IB ImageAmy Waterman (left) is a family resource center coordinator at Macdonough Elementary School in Middletown. She also serves on her district’s attendance committee, which has just received a grant to expand their efforts to reducing absenteeism among Kindergarten students. Waterman sees her role as promoting a culture where attendance is a priority not just in the classroom, but at home and the wider community, too.
 
“It comes down to education and informing the community,” said Waterman, a member of our Middletown Federation of Teachers. “We have a simple slogan that we put out there in our conversations with parents — ‘on time, all day, every day’ — and to develop a relationship with them so that they understand,” added Waterman, who also serves as a building rep for our local union.
 
Attendance outreach efforts in Middletown are boosted by community partners that provide wrap-around services for families. One example is Opportunity Knocks, a Middlesex Hospital-based collaborative that addresses dental care, nutrition, behavioral and emotional health for infants and children under five.
 
“Approaching and educating families who are already stretched thin is a big job,” added Waterman, referring to the ongoing economic challenges facing many Middletown residents. She added that their strategy is to work as a team; school nurses, truancy officers, principals, secretaries, teachers and the superintendent, along with community allies, education stakeholders and youth advocates.
 
Click here for recent press coverage highlighting Middletown’s attendance improvement efforts among several districts in Connecticut. 
 
IB ImageColleen May (right) works as a teacher development specialist at John Barry School in Meriden. Her efforts are specifically focused on helping new educators with less than two years experience develop their capacity for new strategies in classroom management.
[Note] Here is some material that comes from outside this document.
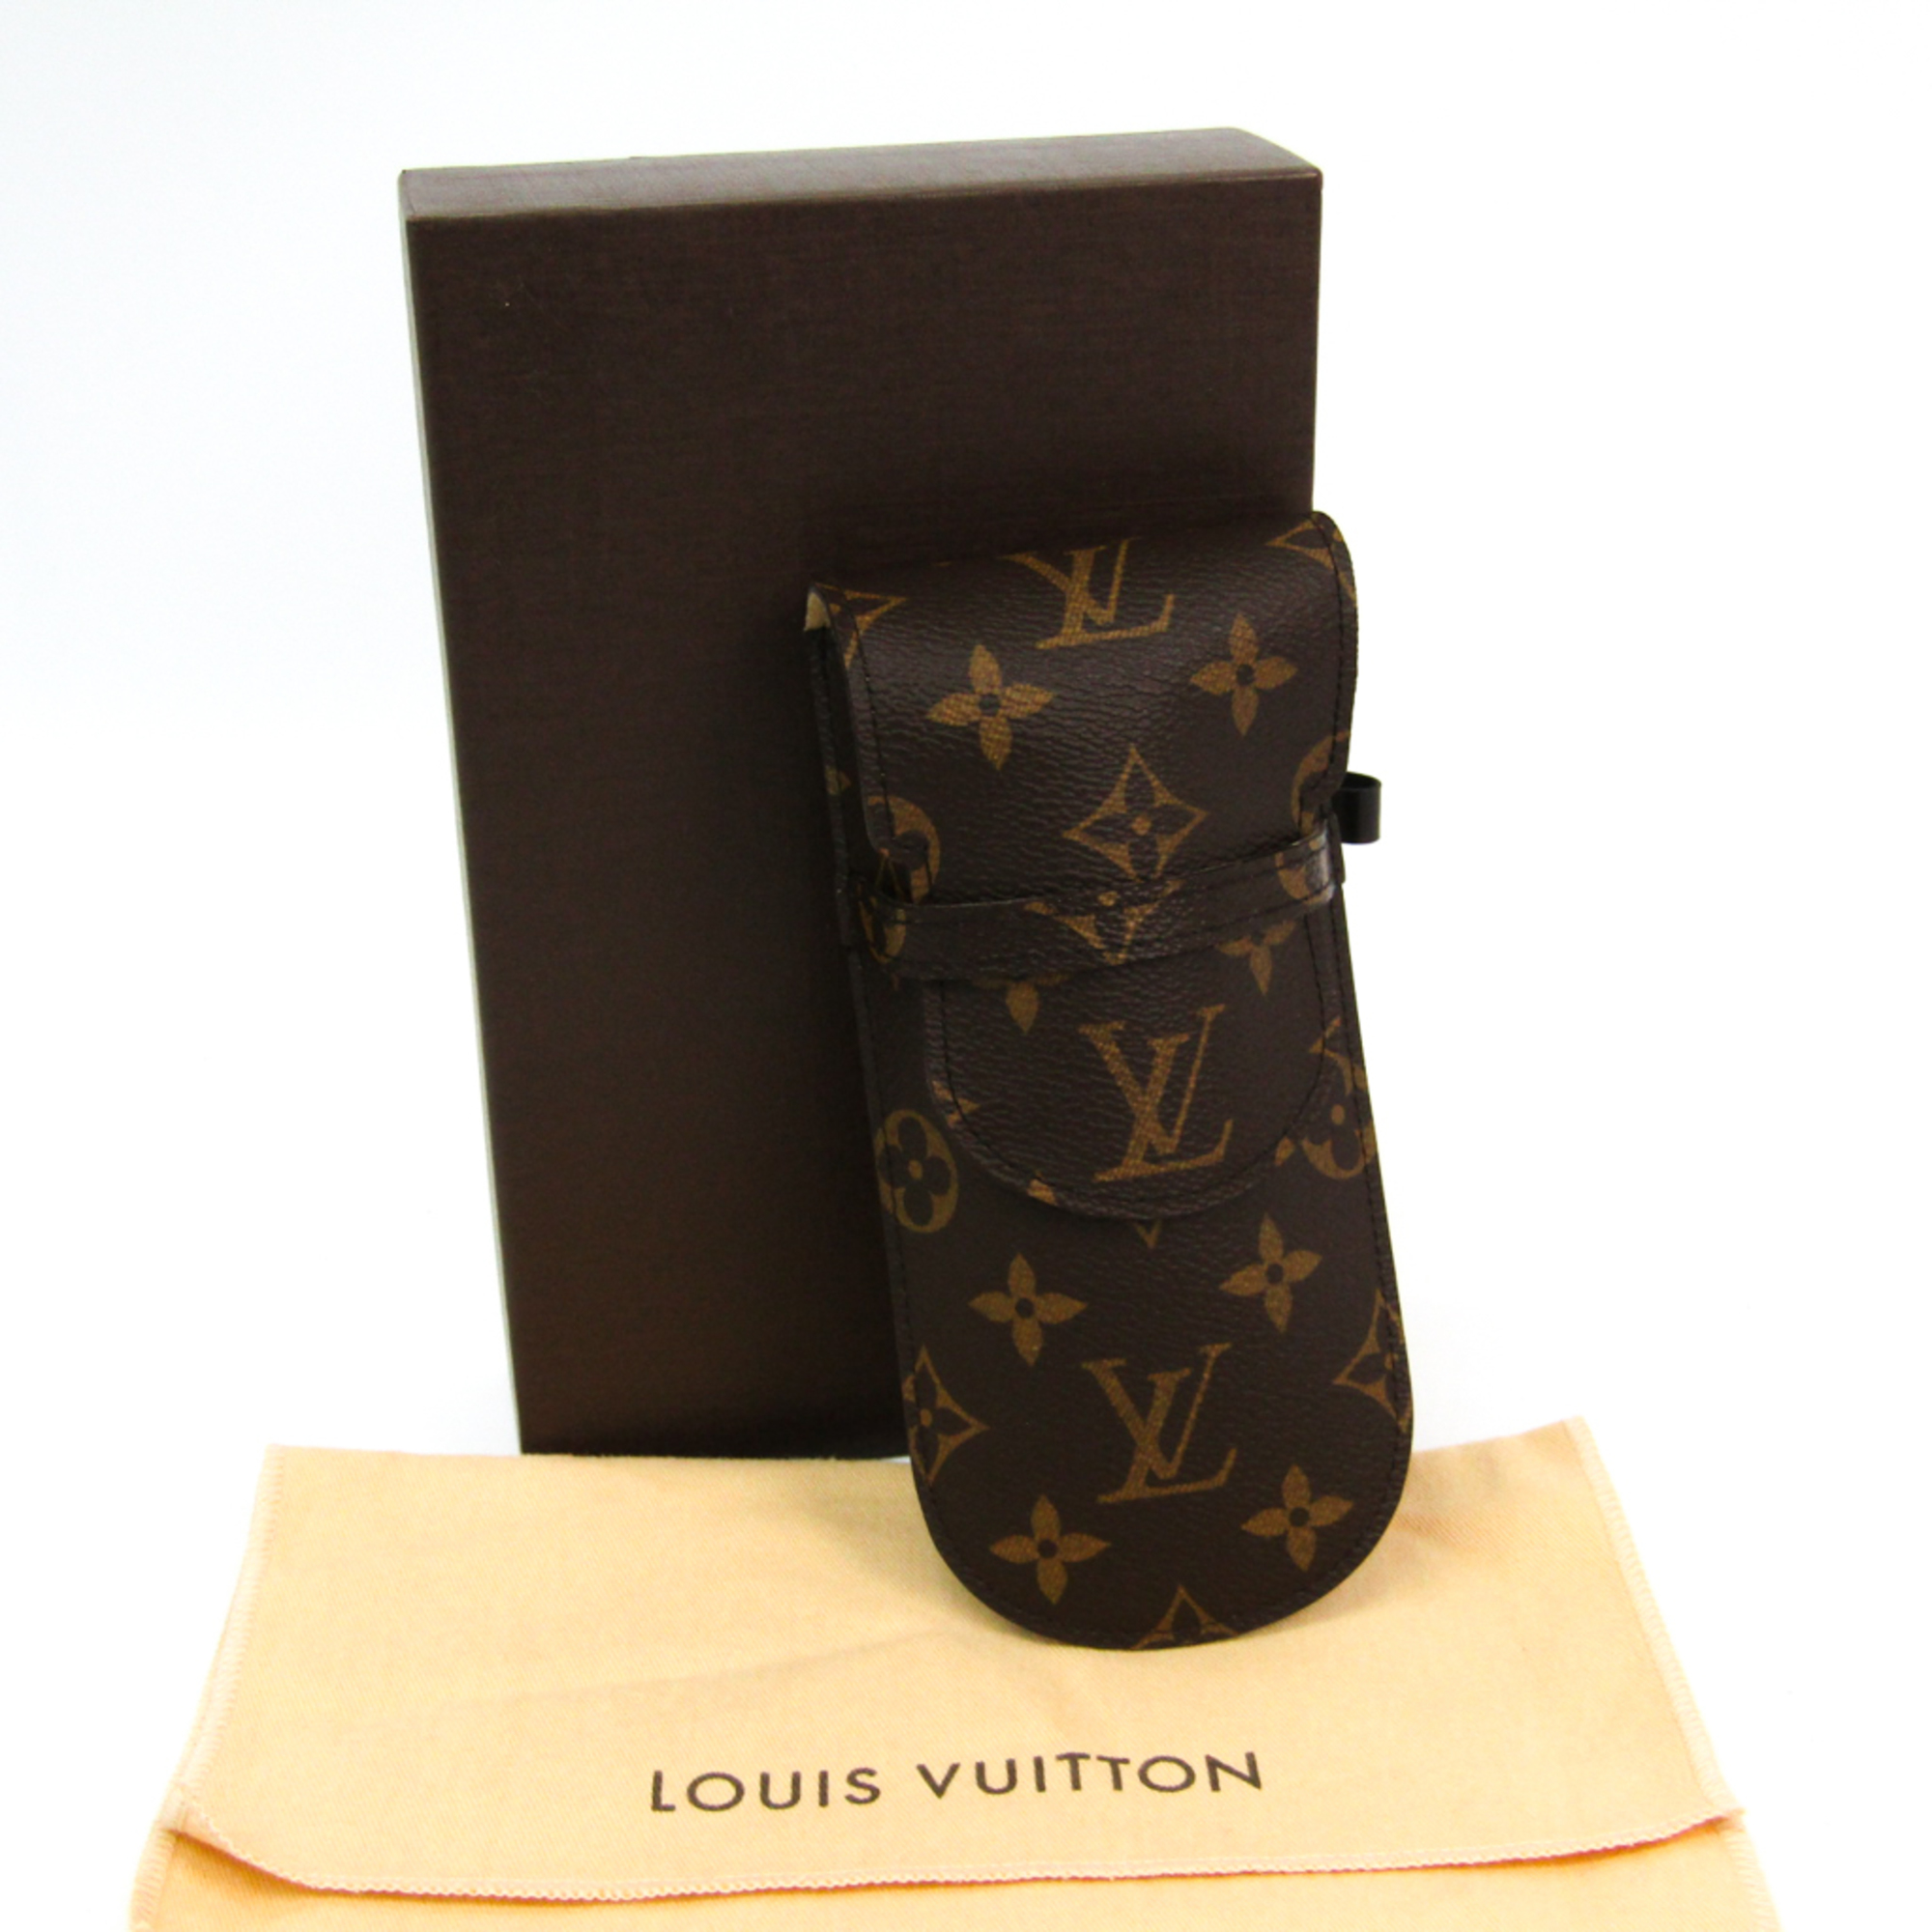 Louis Vuitton Monogram Soft Eyeglass Case (Monogram) Etui a lunettes rabat M62970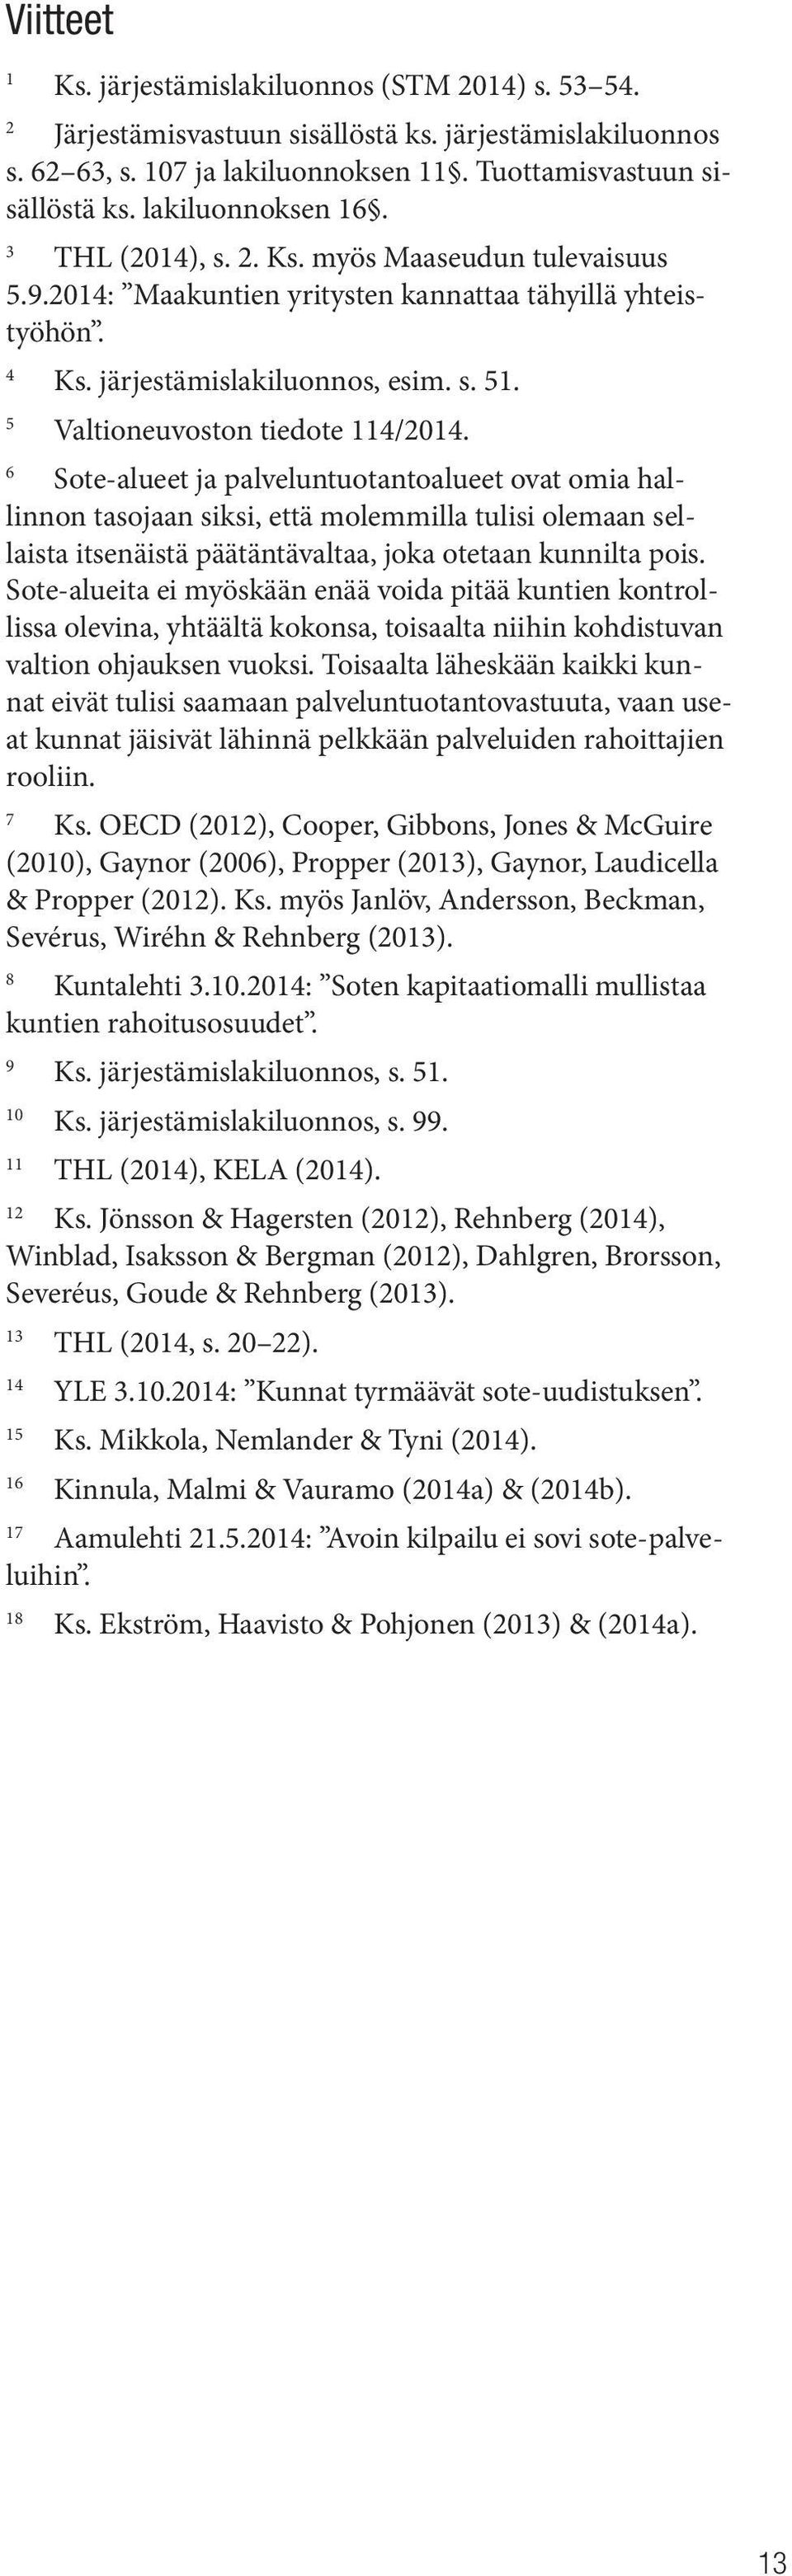 5 Valtioneuvoston tiedote 114/2014.

Last year, May and her colleagues reduced chronic absenteeism at the school from 21 to 9.2 percent; a dramatic improvement.
 
“Here at Barry, it’s our mission to have every child here at school, every single day,” said May, a vice president of our Meriden Federation of Teachers. “All the teachers are part of the chronic absenteeism plan, so we are all invested,” she added.
 
Meriden Public Schools two years ago received resources from the state’s education department that were directed toward Barry, which in 2014 implemented an extended day schedule. An innovation grant from our national union helped enable students at the school to attend an extra 100 minutes per day and receive vital support, intervention and enrichment services.
 
According to May, directing resources at improving attendance has been a priority not just for the school’s team at Barry, but for the entire district.
 
“We have family-school liaisons doing home visits to meet with parents of children who are chronically absent,” May added. “It shows parents that we are serious about their child being here, and how important it is.” 
 
Click here for recent press coverage on the success of initiatives in Meriden, including attendance improvement efforts.
 
The 2016 theme for national Attendance Awareness Month, “Don’t Let Absences Add Up,” speaks to the importance of breaking down the barriers that keep children out of school. The effort is coordinated each year by Attendance Works, a national organization dedicated to improving the policy, practice and research around student absenteeism.
 
Click here to learn more about the 2016 campaign.
 
Attendance Works earlier this month teamed up with the Everyone Graduates Center to release “Preventing Missed Opportunity: Taking Collective Action to Confront Chronic Absence.” Their brief presents analysis of federal student attendance data and offers solutions for reducing absenteeism through the kind of collective action our union members already employ to improve student achievement.